Data under study:
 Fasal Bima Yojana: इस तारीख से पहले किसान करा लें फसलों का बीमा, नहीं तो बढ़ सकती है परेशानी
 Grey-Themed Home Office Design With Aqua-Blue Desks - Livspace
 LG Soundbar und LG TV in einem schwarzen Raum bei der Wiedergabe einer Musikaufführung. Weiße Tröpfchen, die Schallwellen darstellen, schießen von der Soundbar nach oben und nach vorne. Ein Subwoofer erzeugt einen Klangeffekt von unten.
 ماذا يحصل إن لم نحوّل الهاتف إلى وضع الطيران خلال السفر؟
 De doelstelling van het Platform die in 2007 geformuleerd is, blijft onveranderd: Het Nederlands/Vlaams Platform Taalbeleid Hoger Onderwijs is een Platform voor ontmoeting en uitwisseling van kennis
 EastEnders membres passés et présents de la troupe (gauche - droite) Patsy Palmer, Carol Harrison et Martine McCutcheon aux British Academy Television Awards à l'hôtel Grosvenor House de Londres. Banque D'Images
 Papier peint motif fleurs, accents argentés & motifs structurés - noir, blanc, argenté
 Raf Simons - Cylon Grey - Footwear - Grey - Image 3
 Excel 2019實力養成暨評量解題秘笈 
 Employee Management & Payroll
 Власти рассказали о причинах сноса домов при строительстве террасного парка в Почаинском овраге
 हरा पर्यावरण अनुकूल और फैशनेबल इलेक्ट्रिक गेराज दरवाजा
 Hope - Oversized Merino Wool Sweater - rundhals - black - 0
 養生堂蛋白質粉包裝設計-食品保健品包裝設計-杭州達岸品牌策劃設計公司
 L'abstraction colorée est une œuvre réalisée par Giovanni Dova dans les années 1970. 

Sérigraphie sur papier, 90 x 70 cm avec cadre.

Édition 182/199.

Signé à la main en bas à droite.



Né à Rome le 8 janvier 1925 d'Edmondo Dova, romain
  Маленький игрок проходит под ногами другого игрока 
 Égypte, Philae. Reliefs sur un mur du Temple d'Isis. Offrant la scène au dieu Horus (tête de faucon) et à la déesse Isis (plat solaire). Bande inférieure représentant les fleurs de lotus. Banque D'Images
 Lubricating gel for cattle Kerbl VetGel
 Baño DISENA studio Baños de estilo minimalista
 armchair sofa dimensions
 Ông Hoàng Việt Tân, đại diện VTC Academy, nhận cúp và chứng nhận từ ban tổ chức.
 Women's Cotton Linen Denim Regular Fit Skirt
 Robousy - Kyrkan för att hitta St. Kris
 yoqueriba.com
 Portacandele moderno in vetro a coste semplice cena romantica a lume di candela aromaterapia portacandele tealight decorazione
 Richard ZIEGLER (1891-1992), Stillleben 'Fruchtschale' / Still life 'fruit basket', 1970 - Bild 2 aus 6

Required work: Exactly as they appear, output the line holding "Women's Cotton Linen Denim Regular Fit Skirt" and all lines after it through the end of the listing above, and only those.

Output of the task:
 Women's Cotton Linen Denim Regular Fit Skirt
 Robousy - Kyrkan för att hitta St. Kris
 yoqueriba.com
 Portacandele moderno in vetro a coste semplice cena romantica a lume di candela aromaterapia portacandele tealight decorazione
 Richard ZIEGLER (1891-1992), Stillleben 'Fruchtschale' / Still life 'fruit basket', 1970 - Bild 2 aus 6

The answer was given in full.